Keyboard navigation in Emacs GDB mode

I love Emacs GDB mode, but I always found it annoying that there is no given key binding (or function which could be directly mapped into a key binding) for switching between the different views given by gdb-many-windows. The usual window and buffer switching functions are insufficient because the GDB windows are flagged as dedicated (so switch-buffer refuses to swap them in place), and in the case of the Locals/Registers and Breakpoints/Threads windows, the buffer you want to visit doesn’t necessarily even exist until you click that button.

This went from mildly annoying to a major headache when I needed to run the debugger in a remote Emacs session, over SSH from Mac OS X’s Terminal.app which does not support xterm mouse emulation.

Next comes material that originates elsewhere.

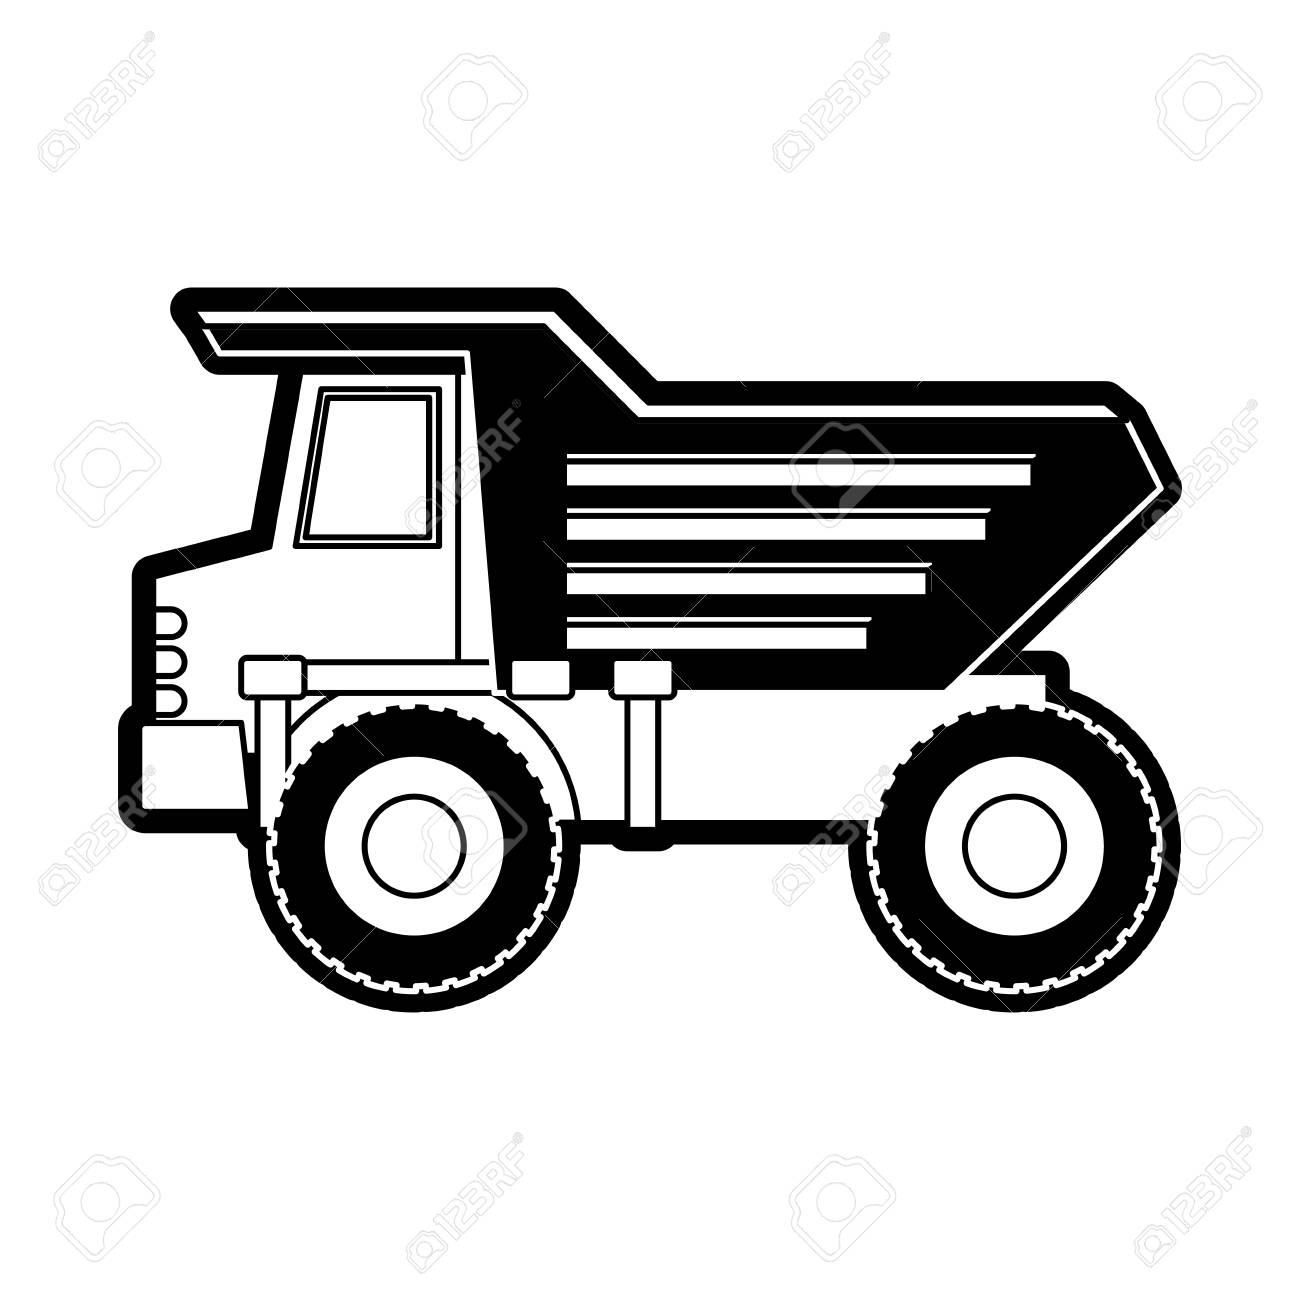 Dump truck flat icon black silhouette vector illustration..
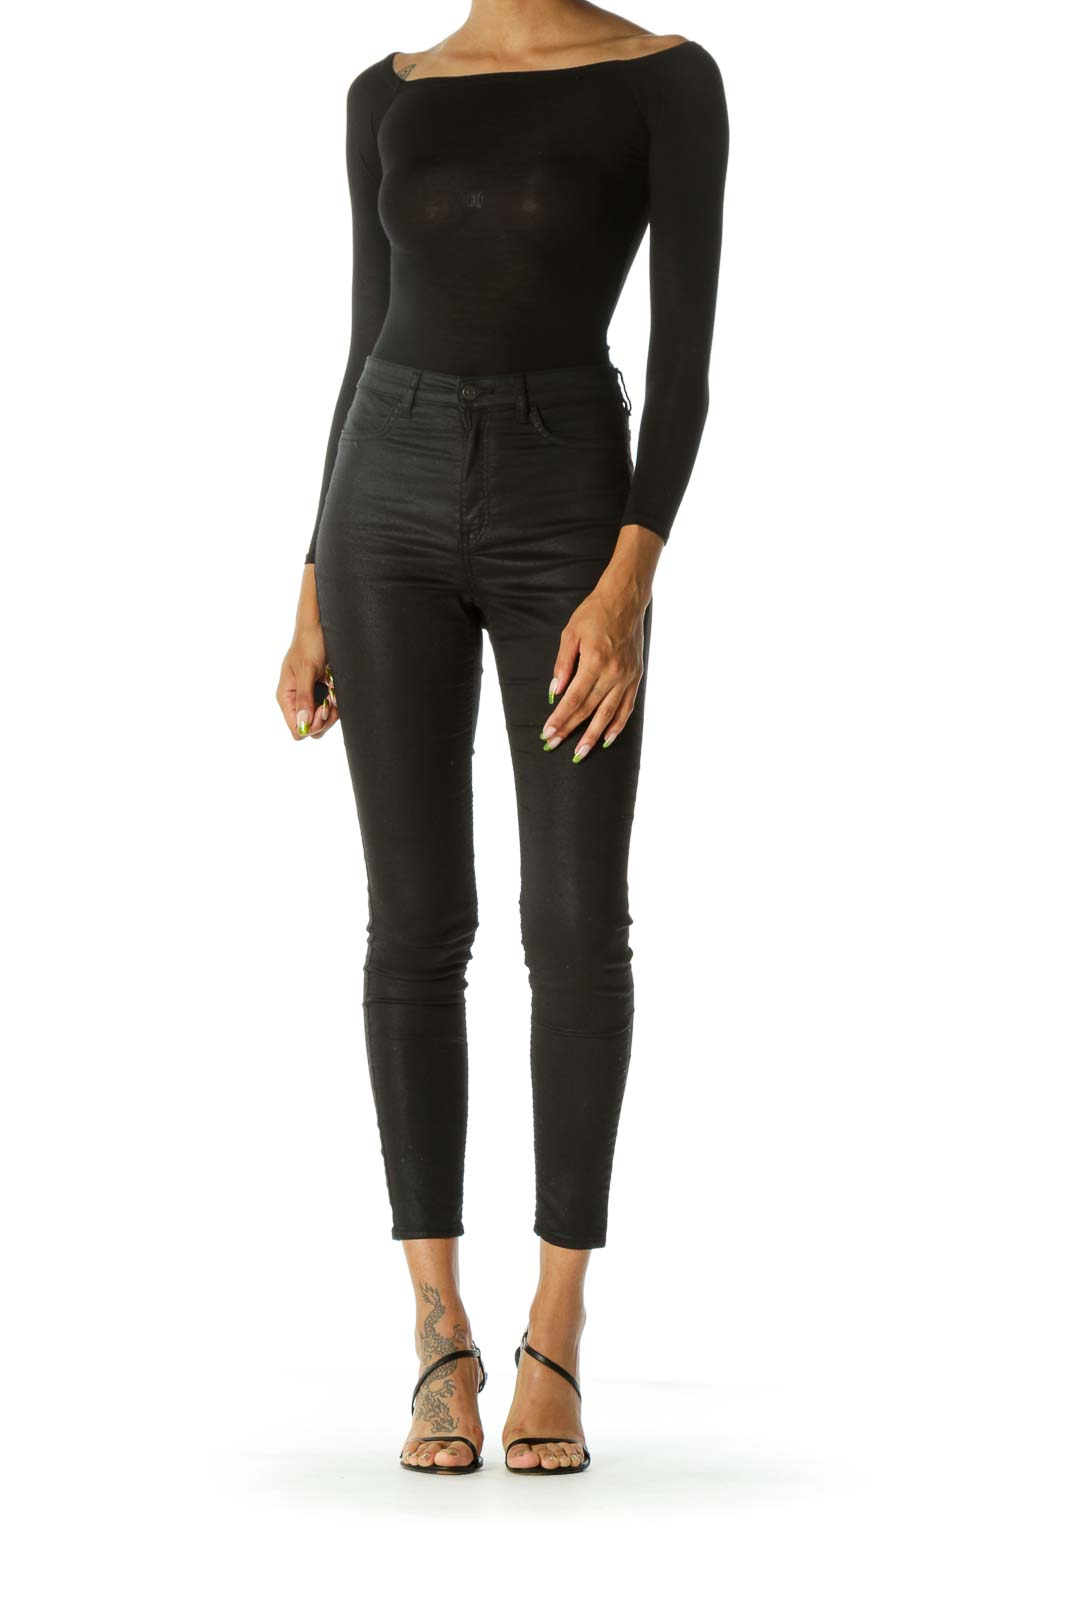 Black Cold Shoulder Jersey-Knit Stretch Bodysuit

So I wrote this gdb-select-window function and corresponding key bindings to finally get the desired behavior…

;; For the consistency of gdb-select-window's calling convention...
(defun gdb-comint-buffer-name ()
  (buffer-name gud-comint-buffer))
(defun gdb-source-buffer-name ()
  (buffer-name (window-buffer gdb-source-window)))

(defun gdb-select-window (header)
  "Switch directly to the specified GDB window.
Moves the cursor to the requested window, switching between
`gdb-many-windows' \"tabs\" if necessary in order to get there.

Recognized window header names are: 'comint, 'locals, 'registers,
'stack, 'breakpoints, 'threads, and 'source."

  (interactive "Sheader: ")

  (let* ((header-alternate (case header
                             ('locals      'registers)
                             ('registers   'locals)
                             ('breakpoints 'threads)
                             ('threads     'breakpoints)))
         (buffer (intern (concat "gdb-" (symbol-name header) "-buffer")))
         (buffer-names (mapcar (lambda (header)
                                 (funcall (intern (concat "gdb-"
                                                          (symbol-name header)
                                                          "-buffer-name"))))
                               (if (null header-alternate)
                                   (list header)
                                 (list header header-alternate))))
         (window (if (eql header 'source)
                     gdb-source-window
                   (or (get-buffer-window (car buffer-names))
                       (when (not (null (cadr buffer-names)))
                         (get-buffer-window (cadr buffer-names)))))))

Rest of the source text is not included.